▸ Task instructions:
Read the data line by line and say how many lines contain the string "back", giving the number alone.

▸ The data:
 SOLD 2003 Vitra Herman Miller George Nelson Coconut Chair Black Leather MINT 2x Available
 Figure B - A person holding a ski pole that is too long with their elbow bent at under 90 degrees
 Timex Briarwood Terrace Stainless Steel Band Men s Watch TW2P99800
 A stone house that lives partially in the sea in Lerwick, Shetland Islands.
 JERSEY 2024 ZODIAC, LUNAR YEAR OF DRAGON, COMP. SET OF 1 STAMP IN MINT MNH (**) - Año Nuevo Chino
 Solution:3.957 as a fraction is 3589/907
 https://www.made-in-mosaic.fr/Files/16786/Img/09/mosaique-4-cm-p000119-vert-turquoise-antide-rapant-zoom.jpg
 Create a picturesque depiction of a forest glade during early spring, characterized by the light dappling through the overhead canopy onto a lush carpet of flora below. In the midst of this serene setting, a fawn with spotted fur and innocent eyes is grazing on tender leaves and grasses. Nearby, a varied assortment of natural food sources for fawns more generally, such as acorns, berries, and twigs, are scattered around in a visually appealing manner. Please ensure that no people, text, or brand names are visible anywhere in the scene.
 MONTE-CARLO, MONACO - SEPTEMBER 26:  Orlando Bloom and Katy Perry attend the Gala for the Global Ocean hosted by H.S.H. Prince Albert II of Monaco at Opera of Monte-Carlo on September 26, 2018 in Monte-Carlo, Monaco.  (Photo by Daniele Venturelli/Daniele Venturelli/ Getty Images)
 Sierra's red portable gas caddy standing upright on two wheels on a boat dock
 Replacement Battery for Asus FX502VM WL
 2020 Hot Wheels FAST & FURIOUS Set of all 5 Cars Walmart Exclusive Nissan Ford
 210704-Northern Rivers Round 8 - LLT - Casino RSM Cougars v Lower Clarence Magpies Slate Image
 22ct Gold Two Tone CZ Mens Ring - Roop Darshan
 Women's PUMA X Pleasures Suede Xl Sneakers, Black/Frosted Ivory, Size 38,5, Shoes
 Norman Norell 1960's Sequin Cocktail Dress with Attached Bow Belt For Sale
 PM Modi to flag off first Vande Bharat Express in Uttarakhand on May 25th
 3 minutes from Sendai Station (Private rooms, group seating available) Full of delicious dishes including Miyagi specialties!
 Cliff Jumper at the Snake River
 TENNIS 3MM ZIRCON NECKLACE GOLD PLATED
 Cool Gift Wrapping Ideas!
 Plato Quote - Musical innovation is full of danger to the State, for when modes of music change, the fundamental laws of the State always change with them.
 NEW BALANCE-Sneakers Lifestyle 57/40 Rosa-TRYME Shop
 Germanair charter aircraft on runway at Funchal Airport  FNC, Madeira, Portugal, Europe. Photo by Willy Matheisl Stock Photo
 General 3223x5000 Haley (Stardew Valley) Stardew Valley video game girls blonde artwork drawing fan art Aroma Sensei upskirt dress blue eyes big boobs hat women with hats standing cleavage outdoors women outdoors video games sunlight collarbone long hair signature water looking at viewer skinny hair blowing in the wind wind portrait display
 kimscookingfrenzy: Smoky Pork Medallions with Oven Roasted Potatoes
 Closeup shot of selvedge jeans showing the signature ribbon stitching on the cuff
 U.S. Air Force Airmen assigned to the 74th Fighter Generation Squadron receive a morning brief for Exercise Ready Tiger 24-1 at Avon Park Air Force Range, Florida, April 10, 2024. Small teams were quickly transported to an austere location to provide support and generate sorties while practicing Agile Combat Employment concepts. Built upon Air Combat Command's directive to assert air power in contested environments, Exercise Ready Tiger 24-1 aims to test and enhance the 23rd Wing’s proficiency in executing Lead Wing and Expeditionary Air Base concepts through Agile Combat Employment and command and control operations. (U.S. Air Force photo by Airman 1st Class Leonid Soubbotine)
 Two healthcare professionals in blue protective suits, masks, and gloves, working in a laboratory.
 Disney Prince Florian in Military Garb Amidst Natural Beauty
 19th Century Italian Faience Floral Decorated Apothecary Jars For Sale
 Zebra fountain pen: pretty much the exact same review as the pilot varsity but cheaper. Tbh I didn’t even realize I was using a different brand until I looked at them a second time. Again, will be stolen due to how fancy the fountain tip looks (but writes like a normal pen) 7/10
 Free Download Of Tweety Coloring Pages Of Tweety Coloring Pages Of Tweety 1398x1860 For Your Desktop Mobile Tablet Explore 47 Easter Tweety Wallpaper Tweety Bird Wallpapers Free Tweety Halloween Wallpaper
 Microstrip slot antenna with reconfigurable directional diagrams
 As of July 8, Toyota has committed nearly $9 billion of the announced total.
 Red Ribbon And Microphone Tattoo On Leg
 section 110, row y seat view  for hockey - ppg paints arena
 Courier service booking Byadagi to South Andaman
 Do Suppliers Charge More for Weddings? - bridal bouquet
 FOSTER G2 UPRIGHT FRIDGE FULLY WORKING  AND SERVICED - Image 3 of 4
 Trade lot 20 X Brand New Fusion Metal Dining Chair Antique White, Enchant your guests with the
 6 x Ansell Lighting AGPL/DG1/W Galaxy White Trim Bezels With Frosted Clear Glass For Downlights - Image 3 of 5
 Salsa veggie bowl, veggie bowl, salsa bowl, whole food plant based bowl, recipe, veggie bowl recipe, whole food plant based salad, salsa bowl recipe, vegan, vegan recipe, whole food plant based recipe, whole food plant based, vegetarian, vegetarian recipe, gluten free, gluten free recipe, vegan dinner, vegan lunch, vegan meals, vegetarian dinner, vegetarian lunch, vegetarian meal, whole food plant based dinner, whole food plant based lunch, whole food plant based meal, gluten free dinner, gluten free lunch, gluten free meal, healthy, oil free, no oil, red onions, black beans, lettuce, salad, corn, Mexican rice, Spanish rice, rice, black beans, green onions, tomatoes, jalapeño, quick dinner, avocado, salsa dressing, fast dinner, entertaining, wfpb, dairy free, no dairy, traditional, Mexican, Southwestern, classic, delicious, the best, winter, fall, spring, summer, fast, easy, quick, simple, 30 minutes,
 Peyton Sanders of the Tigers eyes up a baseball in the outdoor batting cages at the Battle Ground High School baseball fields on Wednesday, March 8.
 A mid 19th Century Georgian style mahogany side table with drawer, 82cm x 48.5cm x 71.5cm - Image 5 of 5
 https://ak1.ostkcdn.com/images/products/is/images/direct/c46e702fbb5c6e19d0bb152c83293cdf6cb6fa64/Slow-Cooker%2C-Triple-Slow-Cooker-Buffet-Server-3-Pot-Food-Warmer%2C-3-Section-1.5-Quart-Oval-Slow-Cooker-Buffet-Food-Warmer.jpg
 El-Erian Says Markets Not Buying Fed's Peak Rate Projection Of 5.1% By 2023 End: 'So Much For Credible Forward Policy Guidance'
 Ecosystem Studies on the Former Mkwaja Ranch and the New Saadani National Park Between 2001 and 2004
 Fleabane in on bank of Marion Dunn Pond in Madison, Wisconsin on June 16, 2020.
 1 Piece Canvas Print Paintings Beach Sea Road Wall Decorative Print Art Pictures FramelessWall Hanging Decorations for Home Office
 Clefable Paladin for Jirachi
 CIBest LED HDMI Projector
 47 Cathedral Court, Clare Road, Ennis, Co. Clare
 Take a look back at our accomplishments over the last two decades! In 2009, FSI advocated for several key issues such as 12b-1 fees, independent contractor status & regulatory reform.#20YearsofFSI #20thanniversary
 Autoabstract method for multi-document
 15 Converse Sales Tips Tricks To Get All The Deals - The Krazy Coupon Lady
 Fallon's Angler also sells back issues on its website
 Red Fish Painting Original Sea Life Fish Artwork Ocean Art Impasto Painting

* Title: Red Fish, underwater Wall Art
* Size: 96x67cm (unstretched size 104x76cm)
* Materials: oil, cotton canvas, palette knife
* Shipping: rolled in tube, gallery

▸ Answer section:
2